Tony Abbott, as the so-called Minister for Women, promised a 26-week PPL scheme. Then, in one of his many backflips, it was decreased to 18 weeks. And now, for more than 80,000 women, it may have been taken off the table completely.
Accusing hardworking women of “double dipping, rorting and fraud” if they happen to have access to an employer-funded maternity leave system is, quite frankly, insulting.
It’s an outrageous policy position to take – on the one hand this government claims it wants to help fix the dire predicament our child care system finds itself in, while on the other hand it wants to penalise those who we rely on to build our better future in this country.
Thousands of nurses and midwives have bargained for increased parental leave over the years and now Tony Abbott is breaking another promise – a promise about parental leave he made to women prior to the last election.
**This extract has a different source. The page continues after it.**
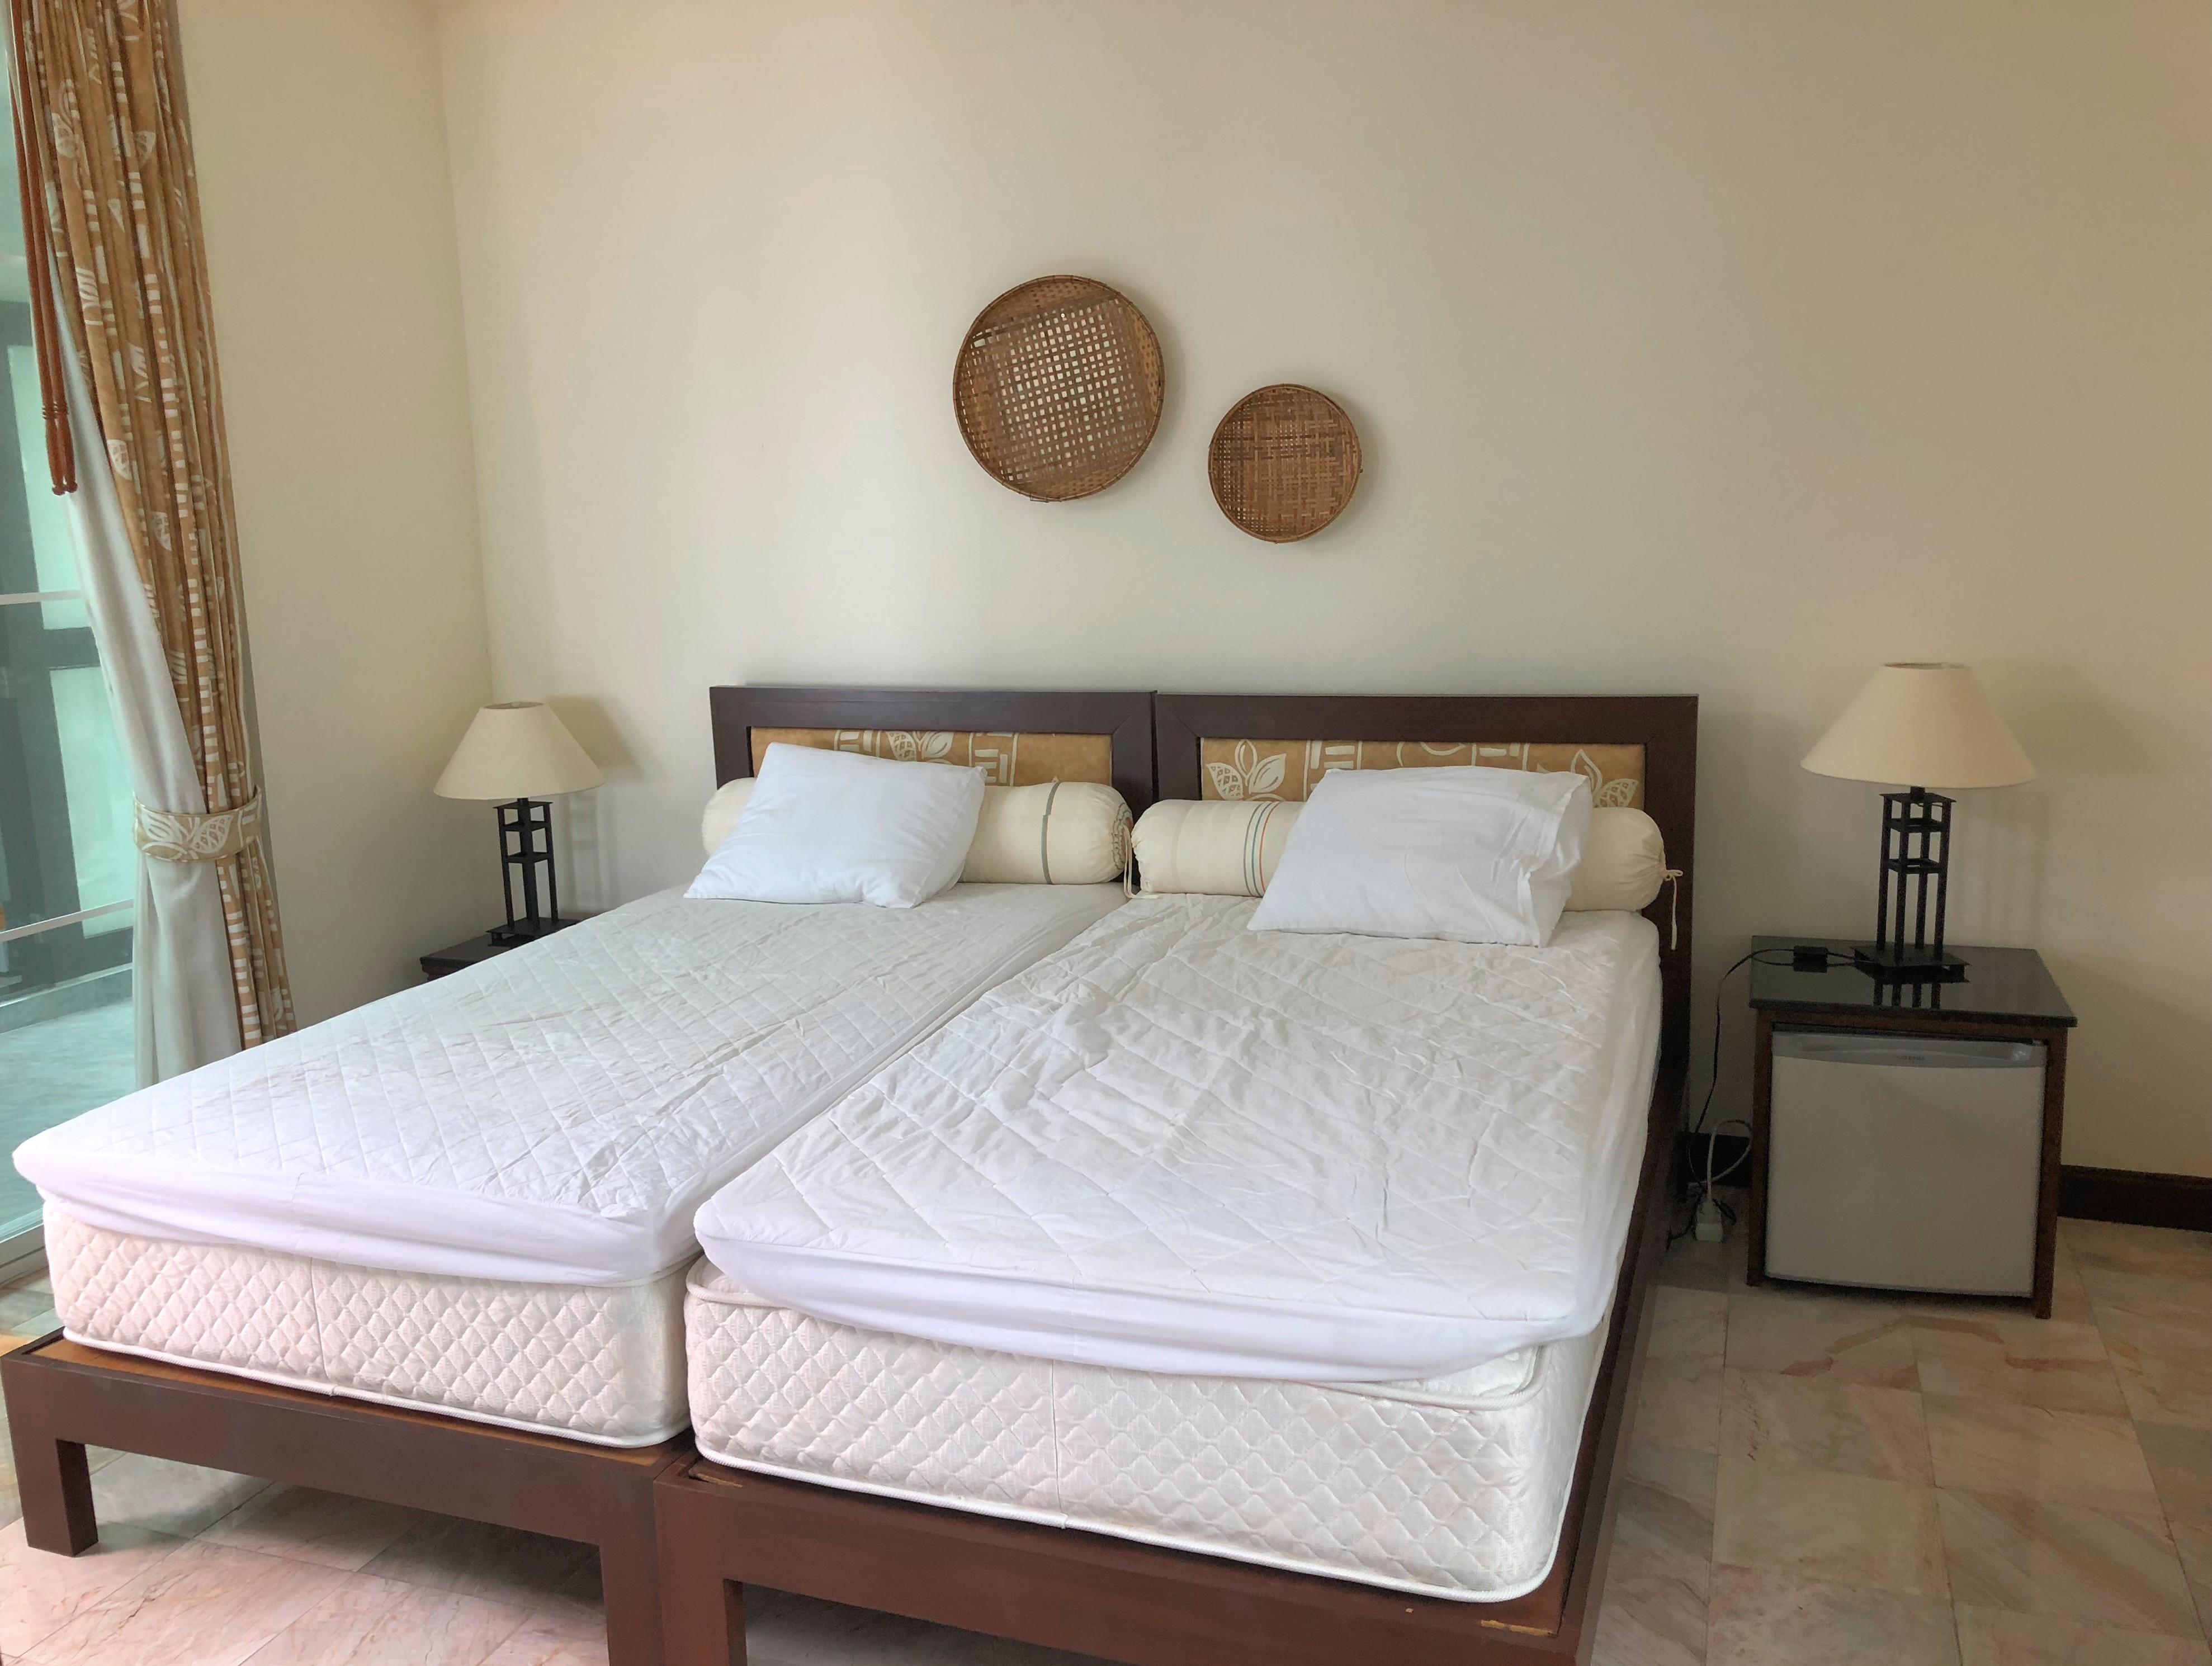 Gästsovrum med samma typ av sängar som master bedroom. Nattduksbord och en liten kyl.

Well frankly, Mr Abbott, we’ve all had a gutful of your policy-on-the-run and disrespect towards some of the most disadvantaged Australians, who are scraping by on the minimum wage.
Today, by moving this motion, we condemn the Abbott government for their attack on hard working parents and call on delegates to send a message to Canberra that we will fight for fair and universal paid parental leave.
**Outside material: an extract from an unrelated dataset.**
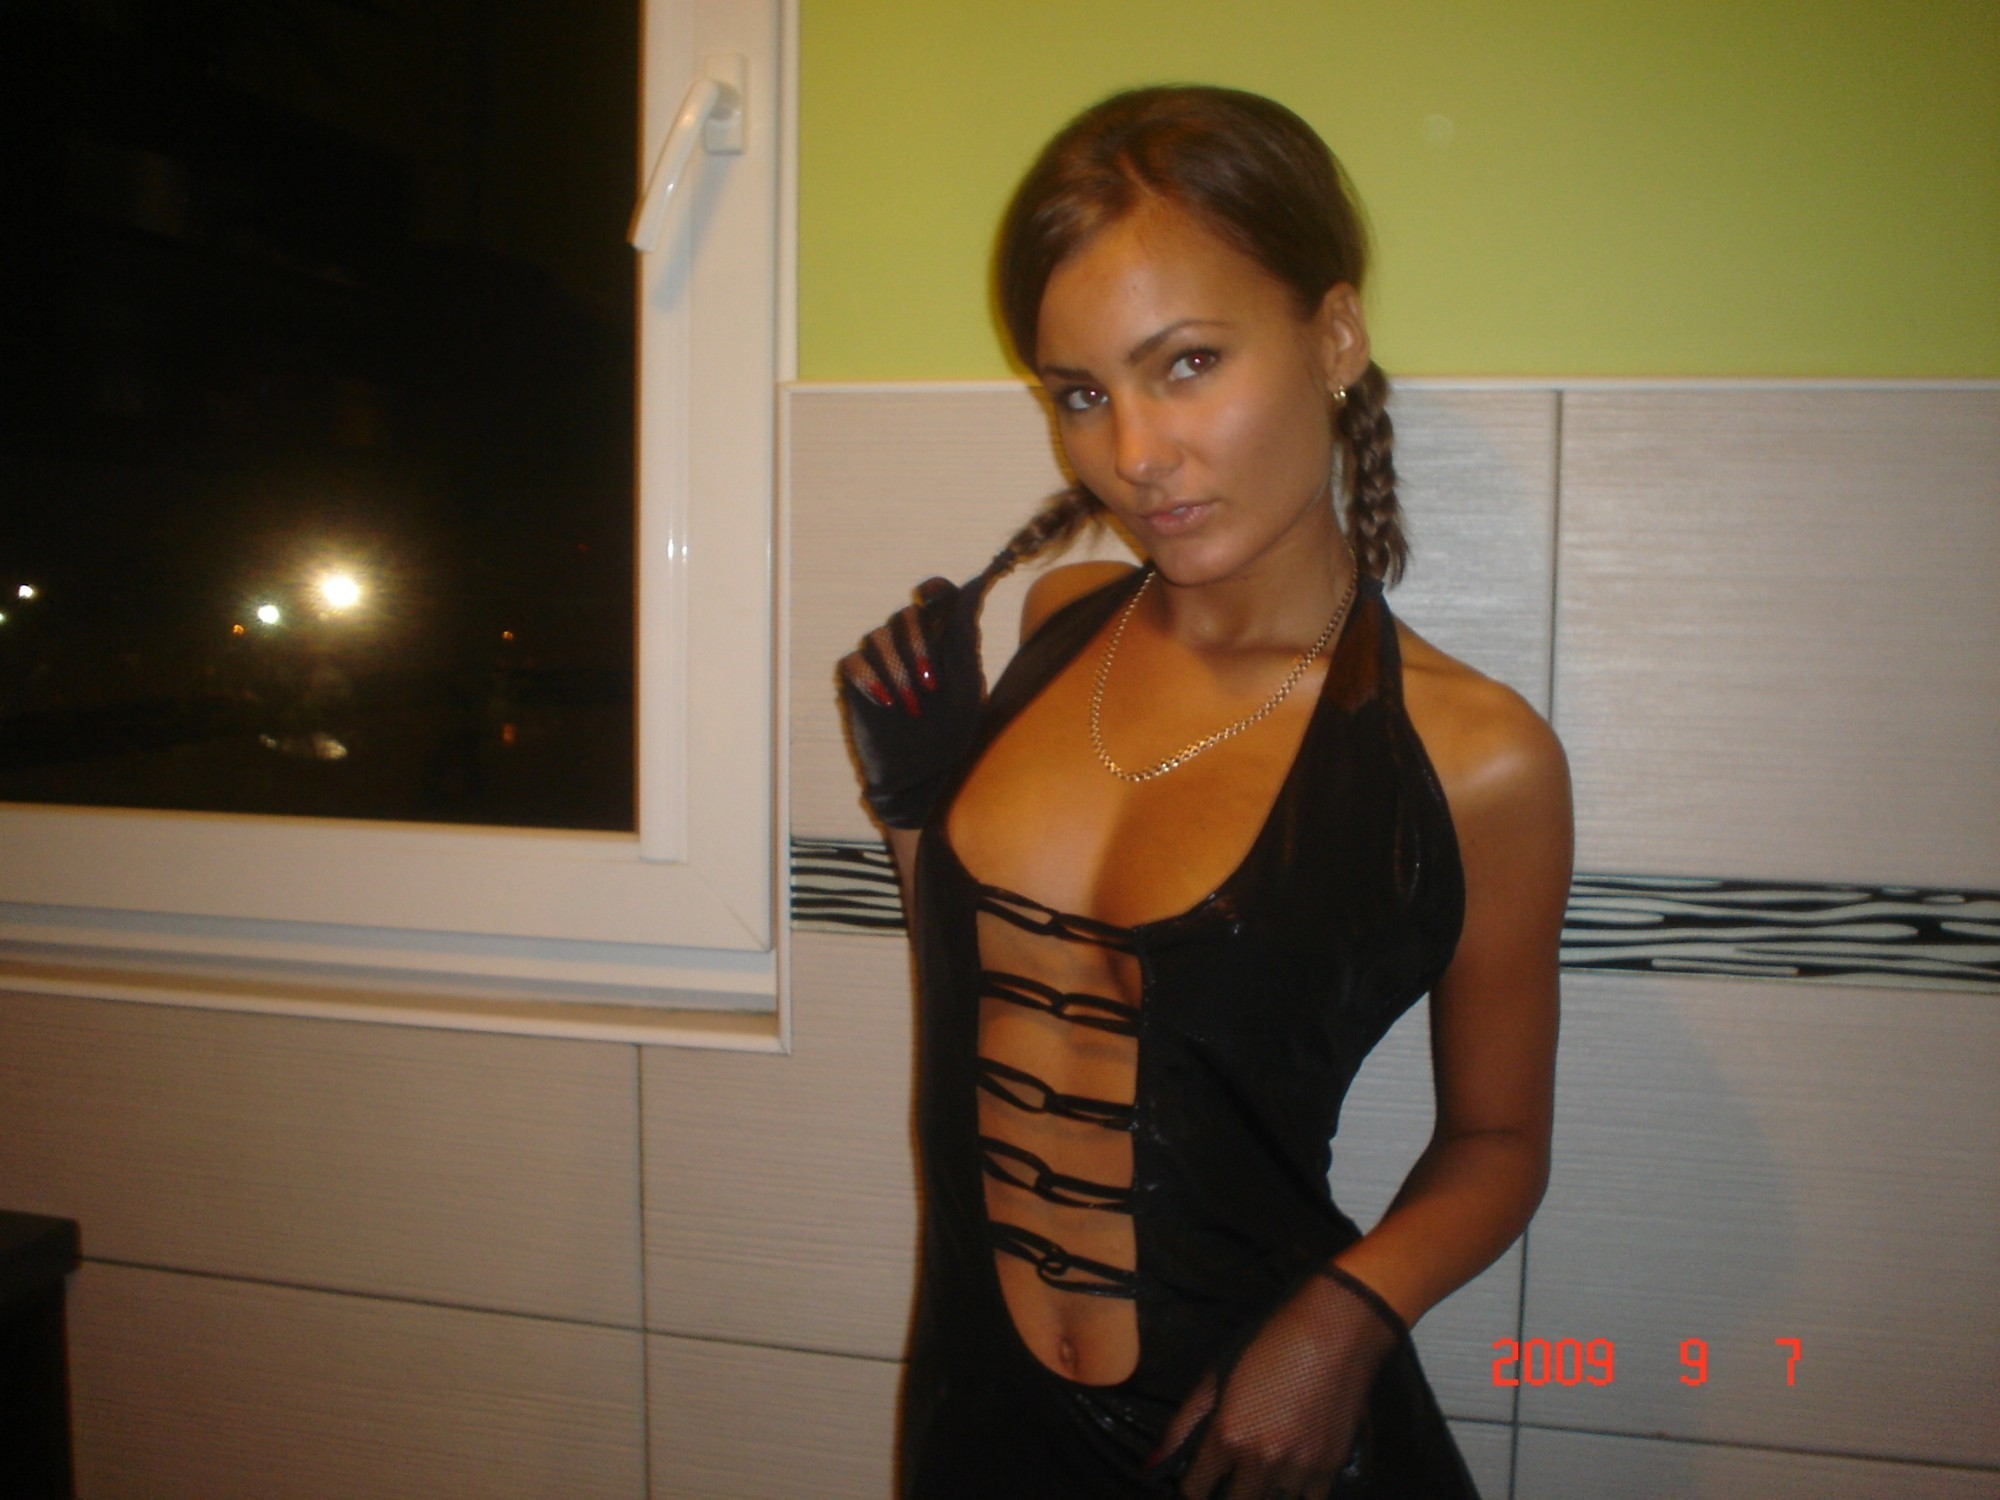 Шикарная голая дама в чулках

All experts back 26 weeks paid parental leave as optimal for the health and well-being of mothers, babies, families and communities – and as a formidable group here this morning, so do we.
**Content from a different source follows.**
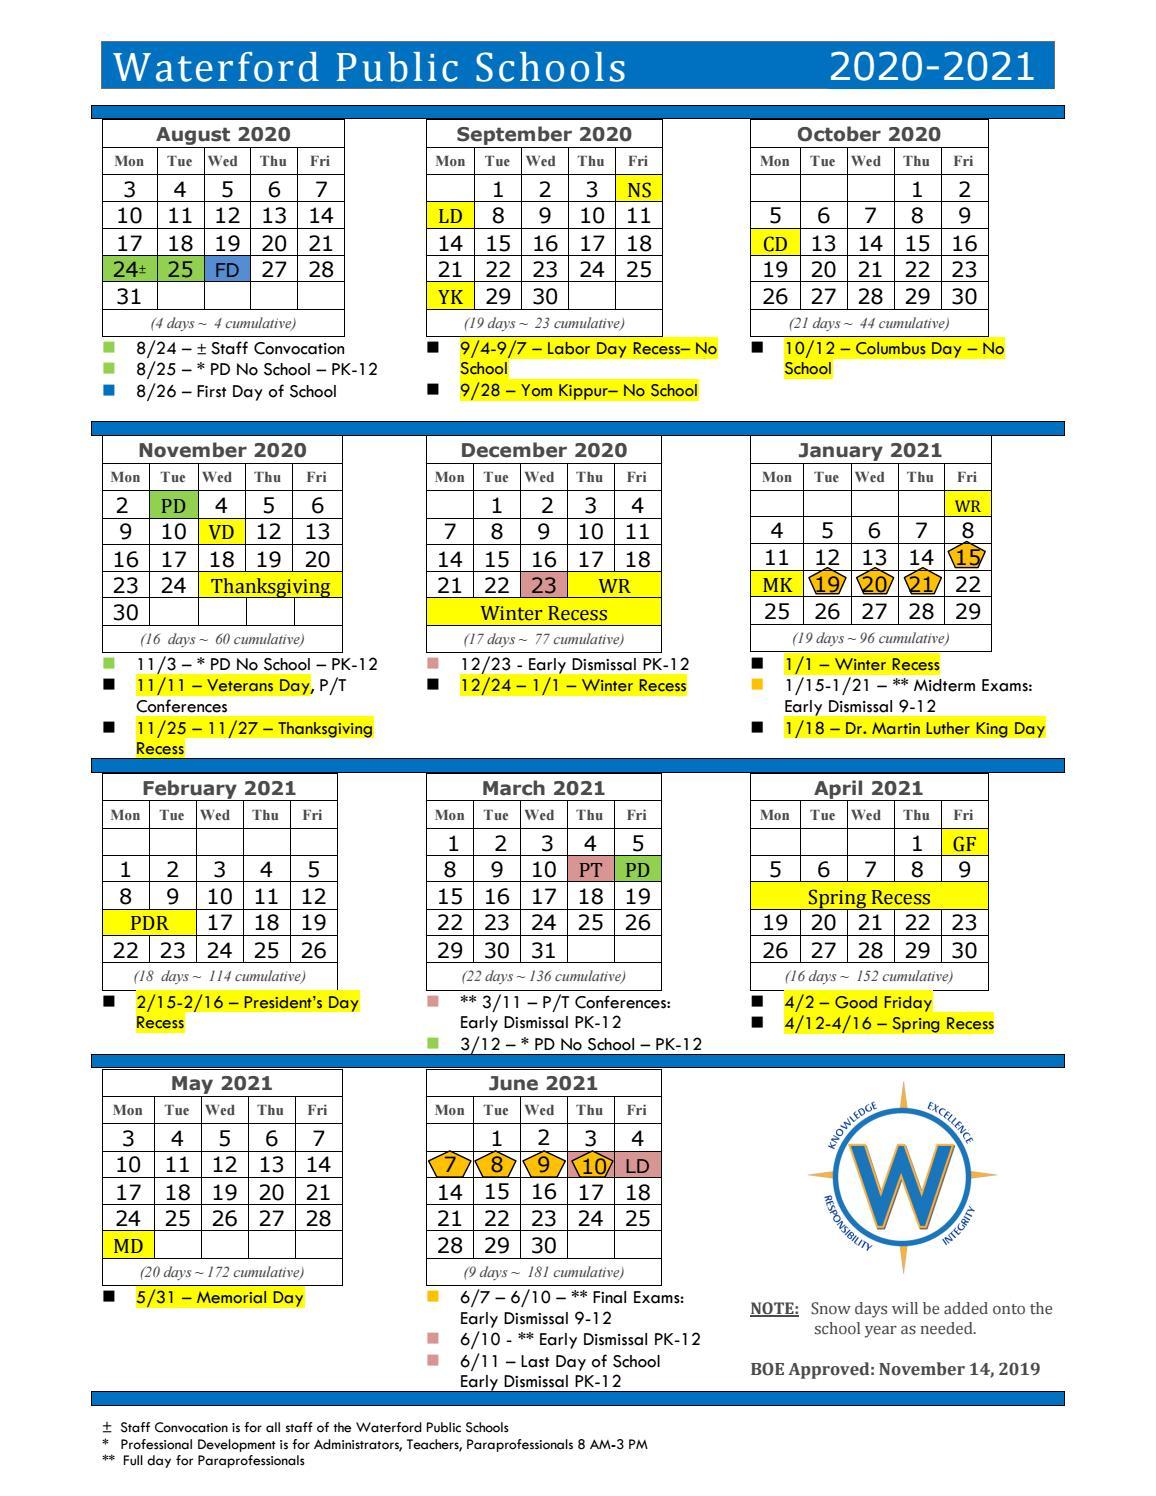 Waterford School Calendar 2021

I put to you that this motion be passed in its entirety, because it represents what Australians, female and male, and what working families represent in today’s society – a fair go for all and a fair go for women in the workforce.
ACTU resolution on Paid Parental Leave for all
Congress condemns the government’s Mothers’ Day announcement to cut Government funded paid parental leave for 46% of Australian women, mostly those on low to middle incomes.
This will rip $11,500 out of the budgets of 80,000 households at a time when they most need financial support.
Congress notes that almost all experts back 26 weeks Paid Parental Leave as optimal for the health and well-being of mothers, babies and families and communities.
Cutting Paid Parental Leave entitlements will force some women to return to work earlier for financial reasons or others, particularly those who can’t access childcare, to withdraw from the workforce all together.
Adequate Paid Parental Leave is also critical to supporting increased participation of mothers in the workforce to boost the strength of our economy.
This was the position the Prime Minister took to voters and the G20 and is completely contrary to his new position to cut Government paid parental leave entitlements for working mothers to the minimum.
The government paid parental leave scheme was always intended to complement additional paid leave negotiated by employees and their unions.
Congress condemns the Abbott government Ministers who are now accusing working women who receive both workplace and government funded paid parental leave of fraud, claiming they are “rorting”.
Congress notes the business community does not support the government cuts as it undermines the many employers who support women and parents in their organisation.
Congress also notes that more than 50 child health experts and women’s groups have written to Mr Abbott, calling on him to back down on the planned cuts, and instead work towards the 26-week best practice standard recommended by the World Health Organisation and others.
The ACTU and unions joins with employers, community and women’s groups to oppose the government’s cuts to Paid Parental Leave.
- The ACTU and unions to work with employers and community groups to lobby MPs to oppose any reduction in employee’s access to the government PPL scheme; and
- To vigorously defend all employees’ rights to access the government PPL scheme as well as any entitlements achieved in bargaining; including working with employers to ensure they are able to continue their commitment to supporting women and employees with caring responsibilities.